Monday, January 27, 2014

'Risk-Off' Hits Emerging Market Currencies

Currency markets are bracing for another stressful week. Emerging markets have been under pressure after Argentina devalued its currency on January 23. Emerging market currencies, especially those with current account deficits,
are expected to remain under pressure ahead of a second Federal Reserve taper expected at this week’s policy meeting on January 29. This will also be the last meeting of Fed Chairman Ben Bernanke whose term ends on January 31. He will be succeeded by his deputy, Janet Yellen, who will assume the chair on February 1. Bernanke’s last day also marks the start of the Lunar New Year in Asia.
While this was deemed an “anything but BRICS” markets, there was no denying that the sell-off was not limited to emerging markets.
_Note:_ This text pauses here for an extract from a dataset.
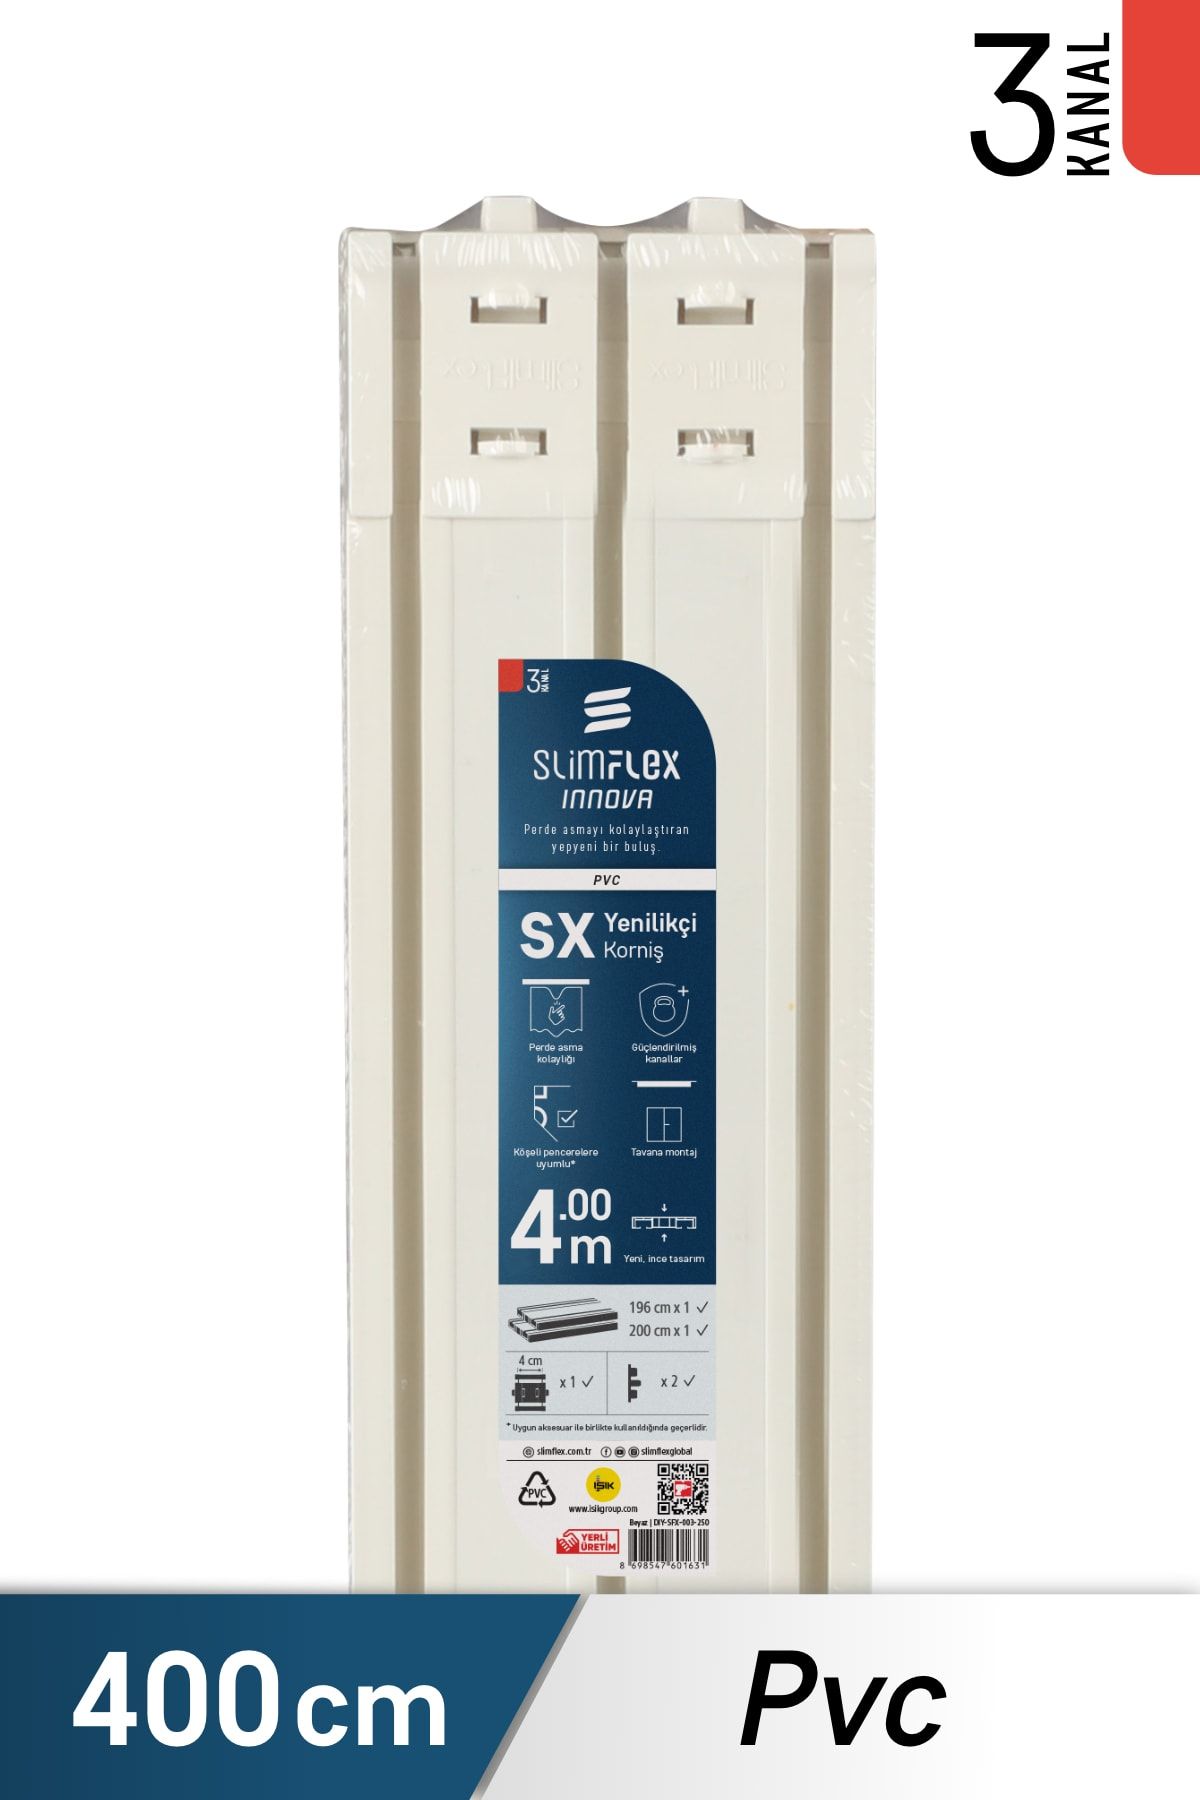 SlimFlex Innova SX Yenilikçi PVC Korniş 3-Kanallı 400 cm
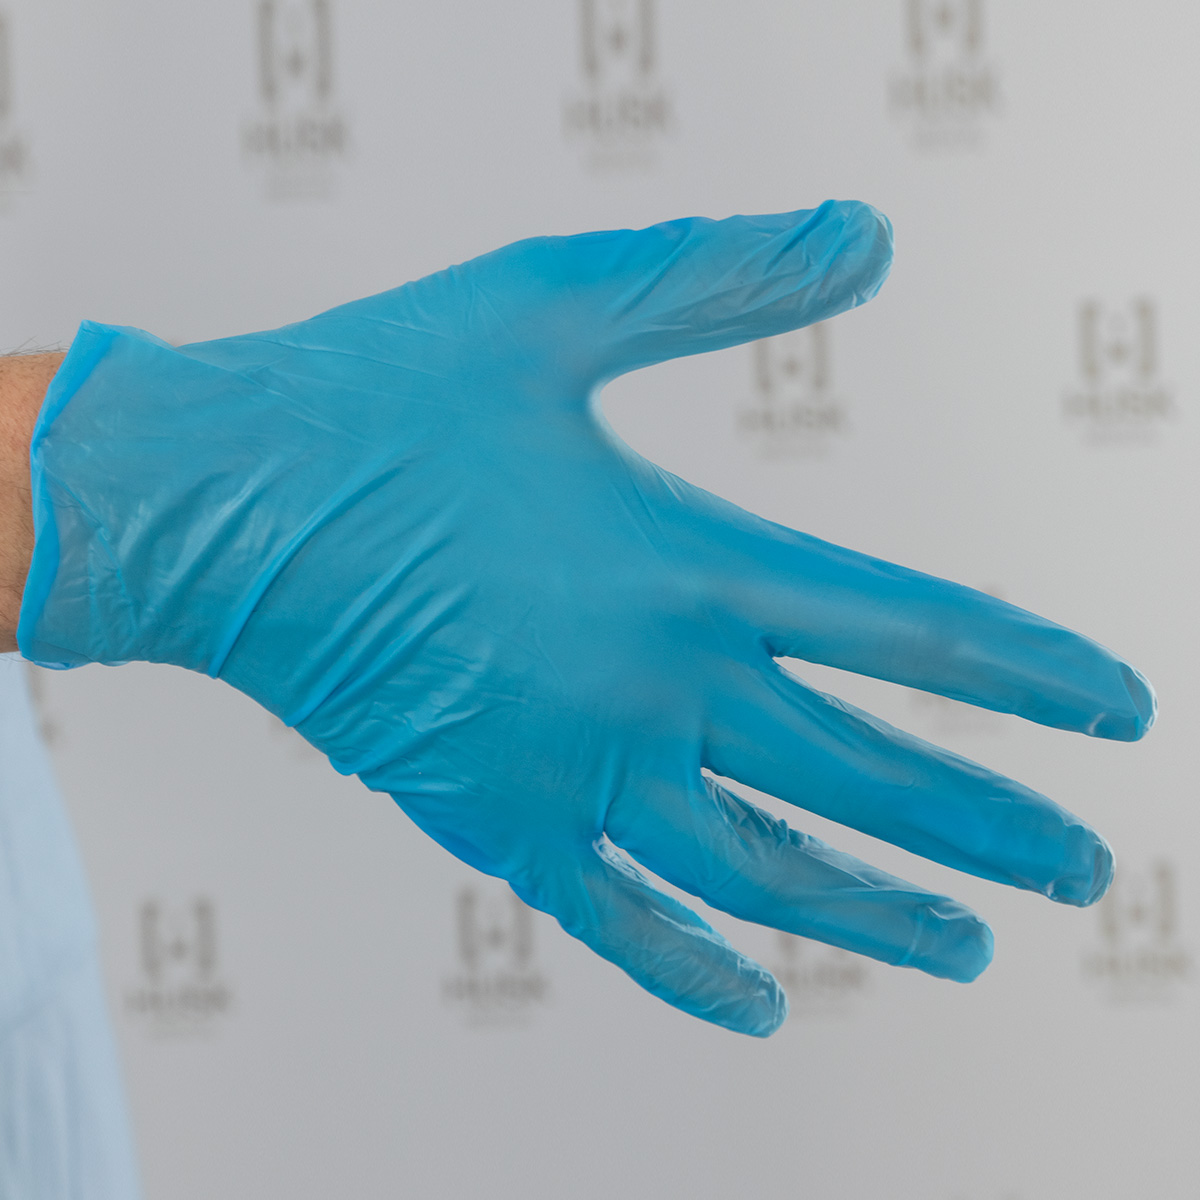 efterklang Hub Tradition Medical examination gloves | Vinyl/nitril blend (VITRILE) | Non-powdered

Developed markets were not spared either. Although the fall in US stocks was similar to the first Fed taper last month, there were several things that suggested more risk aversion this time around. For example, the VIX volatility index surged strongly to 18.14 last week, well above the previous 16.75 high seen at the Fed policy meeting on December 18.
In contrast to last month’s meeting, the US ten-year bond yield is falling (not rising) into this week’s Fed meeting. In currency markets, there was a flight to safety into the Japanese yen and the Swiss franc.